3. Perform gel electrophoresis process to filter only the valid paths. For $|V|$ vertices in $G$, we need path in length of $2*|V| + 1$ of $G_{color}$, and because we represent vertex as 20 DNA bases sequence, we need exactly $40*|V| + 20$ length long path.
4. For each edge $e=(v_i,v_j) in G$ and for each color $C from \{C_1, C_2, C_3\}$:
    4.1 Pick all the DNA molecules from $T$ that contains the sequence $v_iC$ and transfer them into new tube $T_{valid}$
    4.2 Pick all the DNA molecules from $T_{valid}$ that contains the sequence $v_jC$ and drop them out of $T_{valid}$ tube.
    4.3 Transfer all DNA molecules from $T_{valid}$ into $T$.
5. Perform PCR to amplify the results in tube $T$ to avoid errors.
6. If the tube $T$ has any DNA molecules, the graph can be colored with 3 colors and return `True`. Otherwise, it cannot and return `False`.

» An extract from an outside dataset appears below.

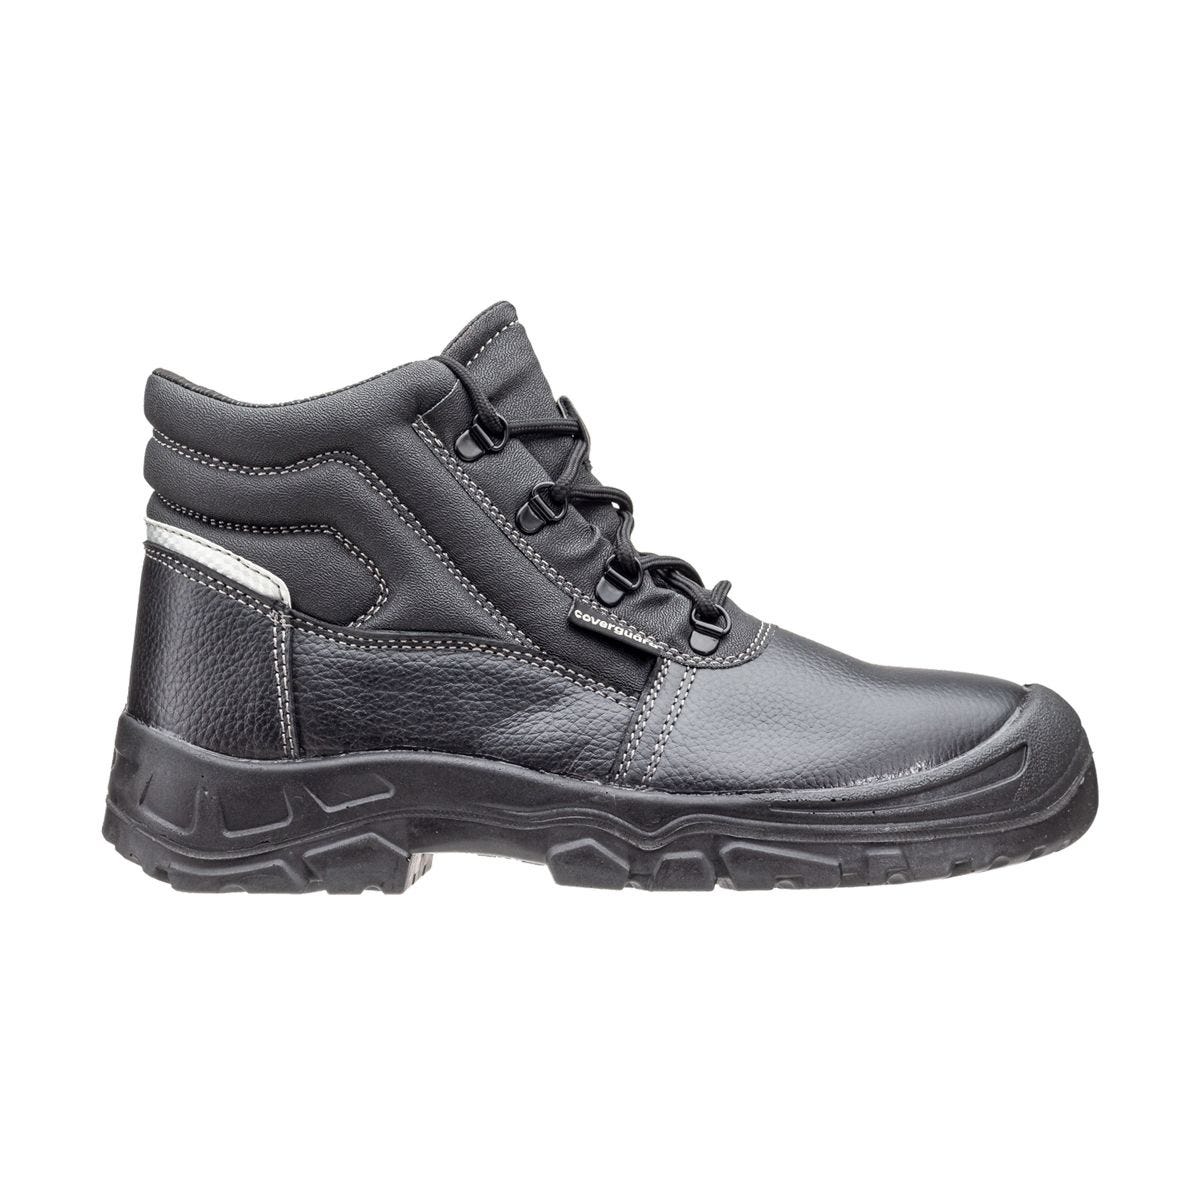 Chaussures de sécurité hautes Azurite II S3 ESD noir - Coverguard - Taille 43 1

After step 1 we have all the possible paths in the graph $G_{color}$.<br>
In step 2 we are amplifying the paths that starting with first vertex and ends with end vertex.<br>
In step 3 we are filtering only the valid paths with contains all the vertices in the graph.<br>
In step 4 we are filtering only the valid paths thats qualify the restriction of the problem - two vertices neighbors cannot have the same color.<br>
In step 5 we are amplifying the results to avoid mutation errors and etc.<br>
And in the last step, we are checking if we got any DNA molecules left, which determines if there is solution to the problem.

## How to run the code:

### Requirements:
None.

### Instructions:
The code written Python 3.8 and stored in the `molecular_computation` folder.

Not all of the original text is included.